Mídia trata MANGABEIRA, professor em Harvard, como um DESMIOLADO. Faz sentido, ou é um factóide como a “epidemia” de febre amarela?
Escrito por Imprensa, postado em 18 dEurope/London janeiro dEurope/London 2008
Amazônia real atropela idéias de Mangabeira
Ele planejava um aqueduto a partir do Norte para abastecer o Nordeste e descobriu que só em Manaus há 700 mil pessoas sem água encanada
O secretário de Assuntos Estratégicos, Mangabeira Unger, ouviu ontem (18/1), numa mesa-redonda com especialistas, em Manaus, que pouco adianta ter idéias criativas e ousadas – como a de um aqueduto para levar água ao Nordeste -, se problemas básicos da região ainda não foram resolvidos.
O governador Eduardo Braga (PMDB), por exemplo, pediu-lhe “pelo amor de Deus” que ajude a decidir uma polêmica que se arrasta há cinco anos, em Brasília, para fazer funcionar o Centro de Biotecnologia da Amazônia.
“Ao chegar a Brasília, pelo amor de Deus, ajude a acabar com essa pendência que já dura mais de cinco anos e deixa o CBA paralisado por falta de uma cara jurídica”, disse o governador.
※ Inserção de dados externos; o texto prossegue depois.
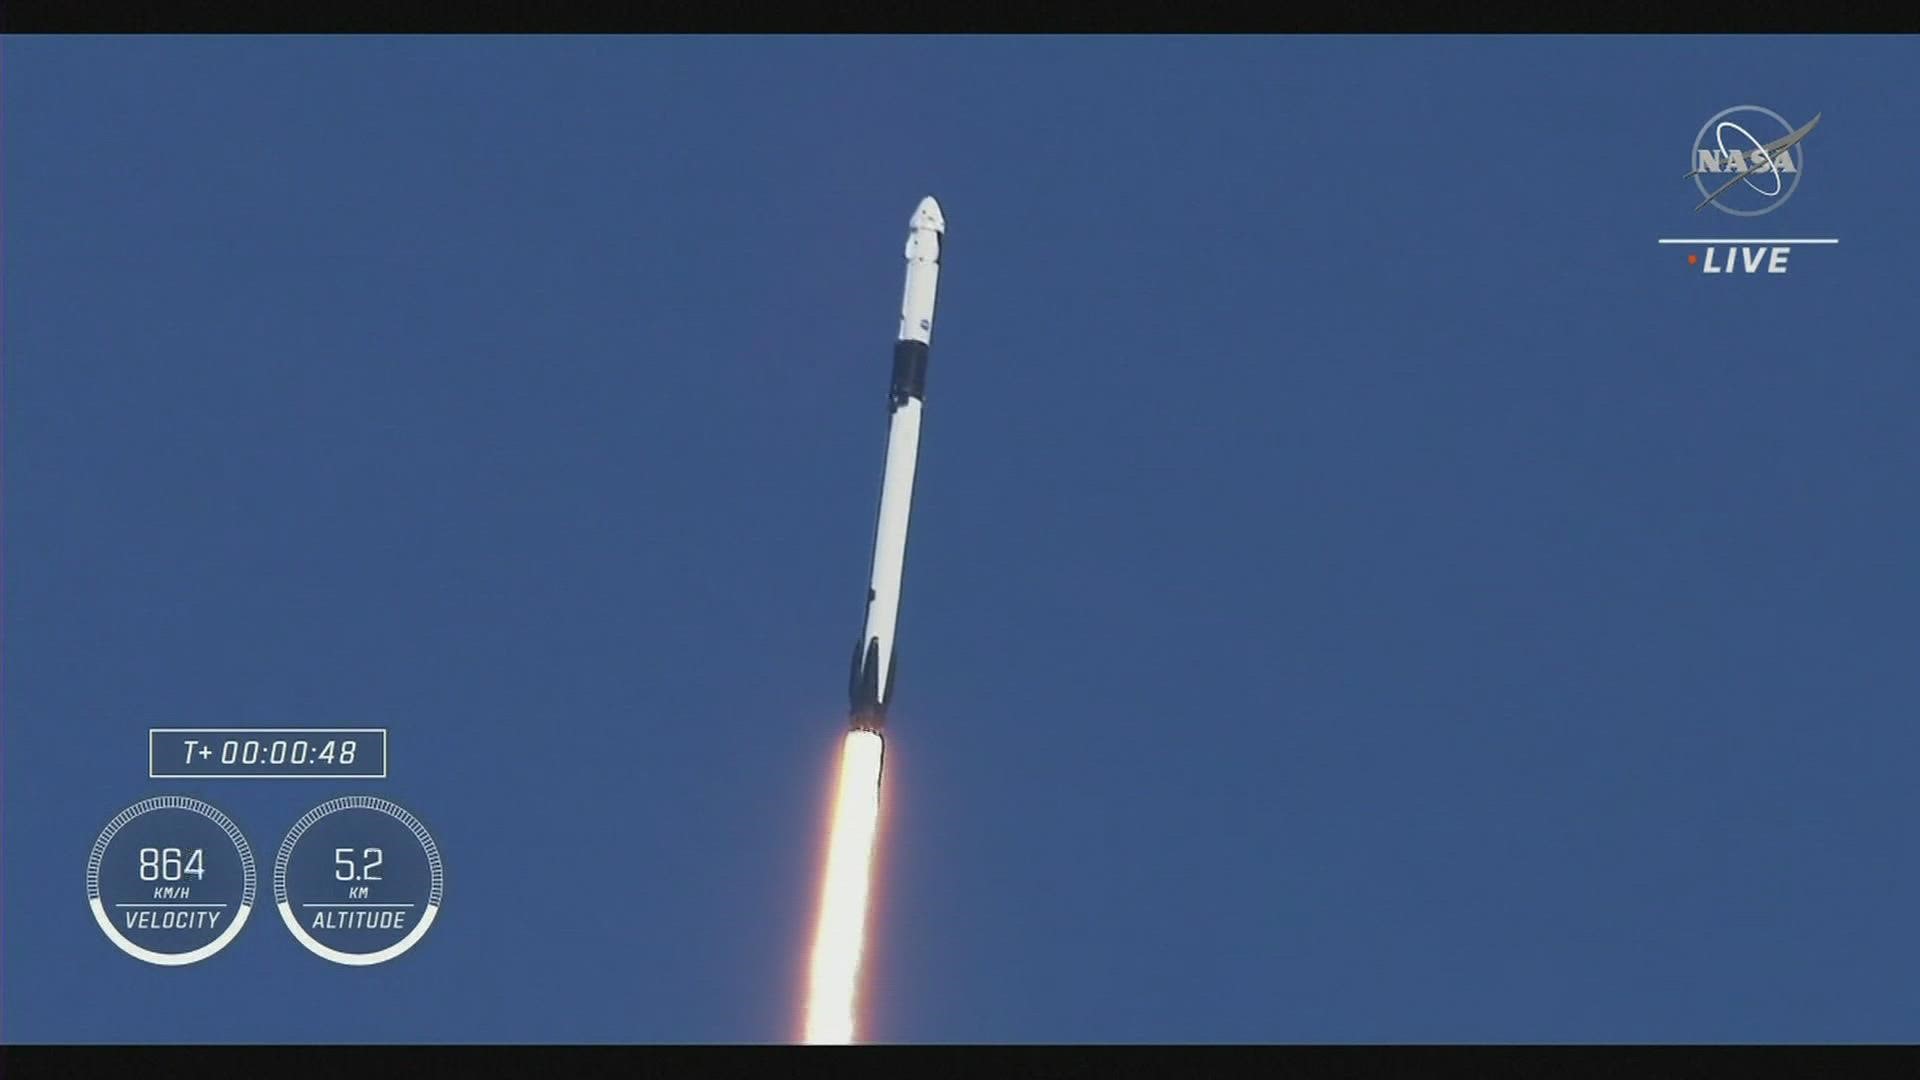 The Falcon 9 Rocket launched a 'Crew Dragon' spacecraft for its 8th flight with astronauts.

Criado no governo Fernando Henrique, o CBA é disputado pelos Ministérios de Indústria e Comércio e de Ciência e Tecnologia.
Sobre a construção de um aqueduto para o Nordeste, o secretário surpreendeu-se ao saber que só em Manaus há 700 mil pessoas sem água encanada. “É um paradoxo faltar água para os habitantes da Amazônia, com toda a abundância dos rios. Primeiro precisamos providenciar que os habitantes da região possam usar essa água”, admitiu o ministro.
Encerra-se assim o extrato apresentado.